The sight of the birds, so delicate and undisturbed, calmed all of her feelings about Mrs Archibald, the crab and the young woman who had been found in a sack: so that when Mr Pickering at last appeared she had nothing to say but:

‘Oh! Ed dear, look at the birds. Look at their legs—just the colour of the sea so the fish won't see them. And look at the baby one, the way it does what its mother does. Oh! I've had fun watching them.'

‘Sorry I'm late,' Mr Pickering said. ‘But wait till you hear——'

‘Oh! that's all right. I've had such fun watching the birds. What did you do?'

‘The darnedest thing,' Mr Pickering said.

‘On Cat Cay?'

‘No,' he said. ‘Right along the coast here.'

‘Oh! Look at the herons. Just look. The young one's trying to catch something——'

‘Met a fellow named Wilson. Quite a piece of dark blood in him—you can see that. Just a nobody. Torgsen says his mother kept a house on the waterfront—this Wilson fellow was the result of some damn Glasgow deck-hand dropping in one time. Just scum.'

‘The young one is so pretty,' Mrs Pickering said. ‘What about him?'

‘Incredible,' Mr Pickering said. ‘He's living like Croesus. Like Rockefeller. He's got a palace along the coast here with onyx bathrooms and Louis Quatorze toilets and God knows
what. He owns three sugar mills and two banana plantations and a steam yacht—Oh! and that reminds me, I knew there must be a woman in this somewhere.'

‘Why?'

The two herons had paraded far along the shore and now had turned and were dreamily coming back.

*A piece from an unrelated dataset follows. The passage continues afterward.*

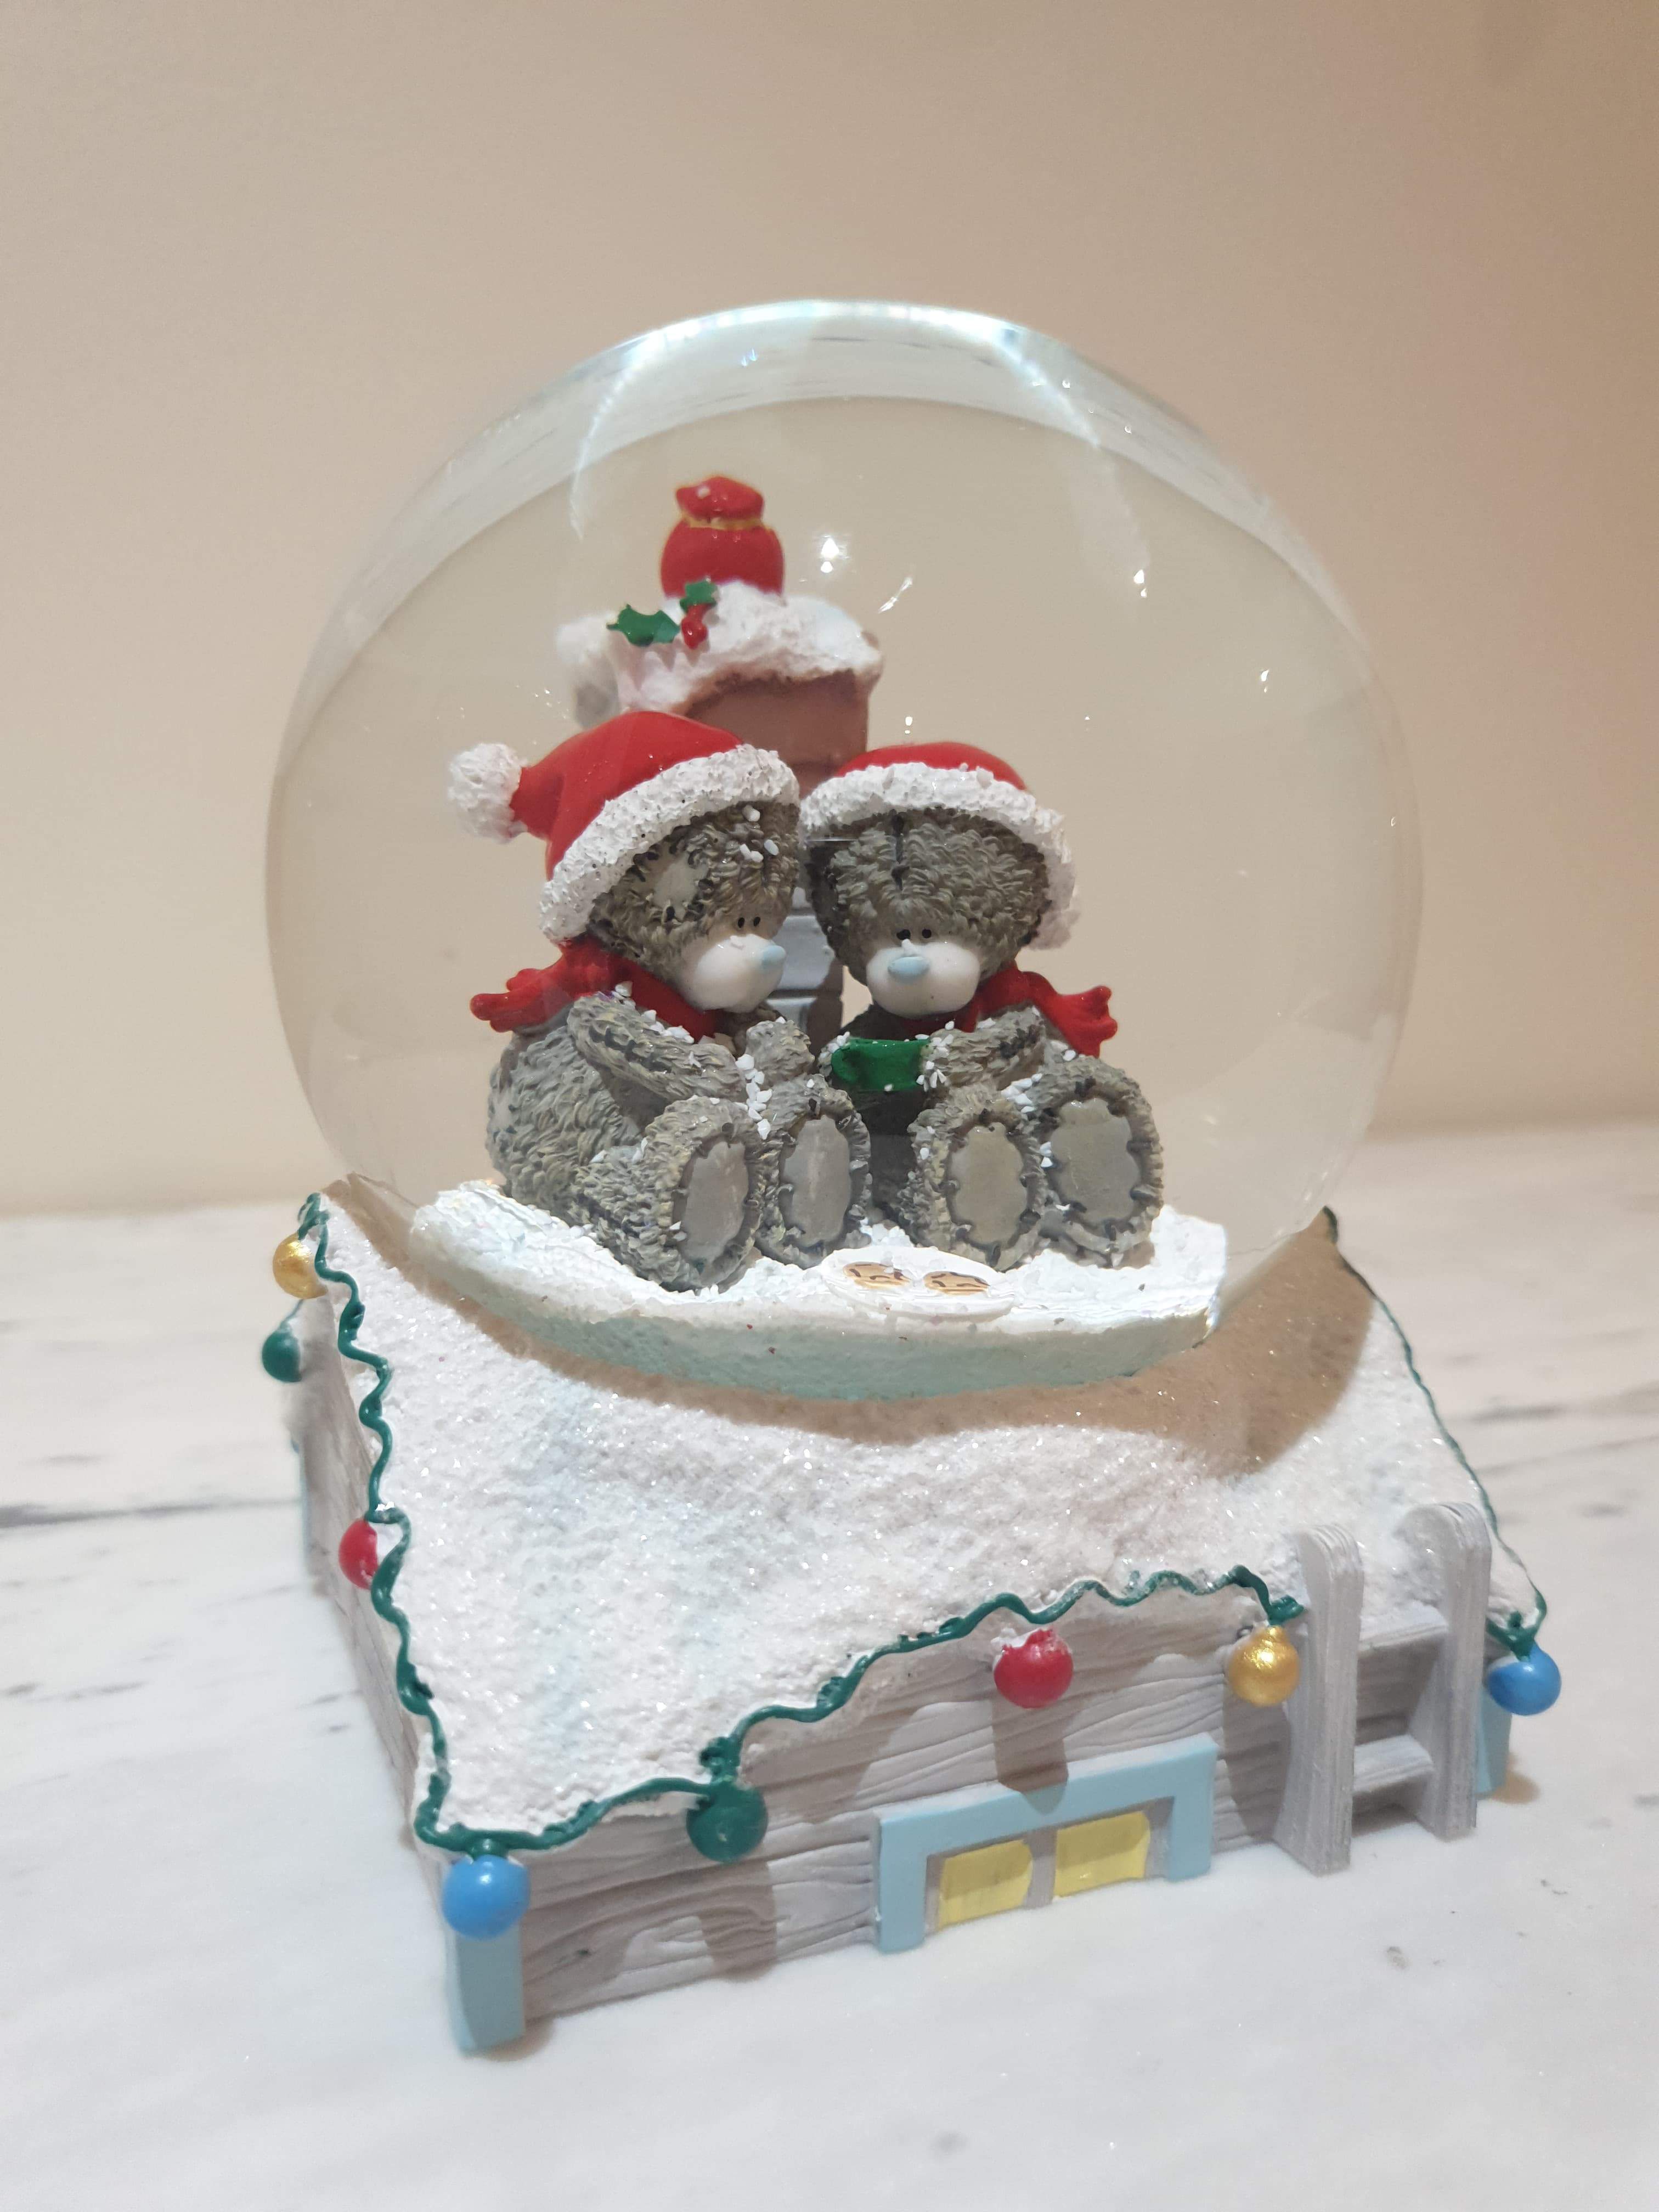 Christmas Gift - Snow Globe

‘Because Maxted was mad on them. He ran five or six at a time. You know what?—he'd hang about the harbour until he saw some popsie in on a cruise-ship that he fancied and then he'd take her home and give her a house and set her up. Not satisfied with one or two—but five or six. The big possessor.'

‘And is Mr Wilson fond of the ladies too?'

Mr Pickering laughed.

‘You're pretty smart, aren't you, Mrs Pickering?'

‘I just thought.'

‘Yes,' he said. ‘Mr Wilson is fond of the ladies. And it seems Mr Wilson and Mr Maxted were once fond of the same lady. A girl named Louie. In fact the week before Maxted was murdered they all spent a weekend on Maxted's yacht. And now Louie is Mrs Wilson.'

‘That's no surprise. Did you see her?'

‘No.'

‘And what made you go to see Mr Wilson anyway instead of going to Cat Cay?—Oh! look, the little heron is lost. It's turned around the wrong way and can't see its mother.'

‘Seems he'd heard of me, that's all,' Mr Pickering said. ‘He's got big connections in insurance—and seems he'd even heard of us. Said he'd like to see me.'

‘And just you think, there are people who kill and stuff those lovely things and put them in glass cases—Oh! look at them!——'

‘You know what I think?—and I told Torgsen so. I think Louie killed Maxted.'

Along the shore the parent heron, gazing down with dreaminess at the blue-green evening sea, seemed to be waiting for its young, and Mrs Pickering gave a quick cry of maternal delight.

‘They're so intelligent too,' she said. ‘You see, she knows!'

‘Fascinating, isn't it?' Mr Pickering said. ‘Of course it might not be. But before Maxted was murdered Wilson hadn't a bean. Just a hanger-on. But Louie had—Maxted had seen to that. And now Wilson has all the beans he needs and Louie too.'

Suddenly along the shore the herons were flying. Mrs Pickering gave a cry of dismay and saw that two bathers were running down, carrying white and scarlet wraps, from the hotel to the sea.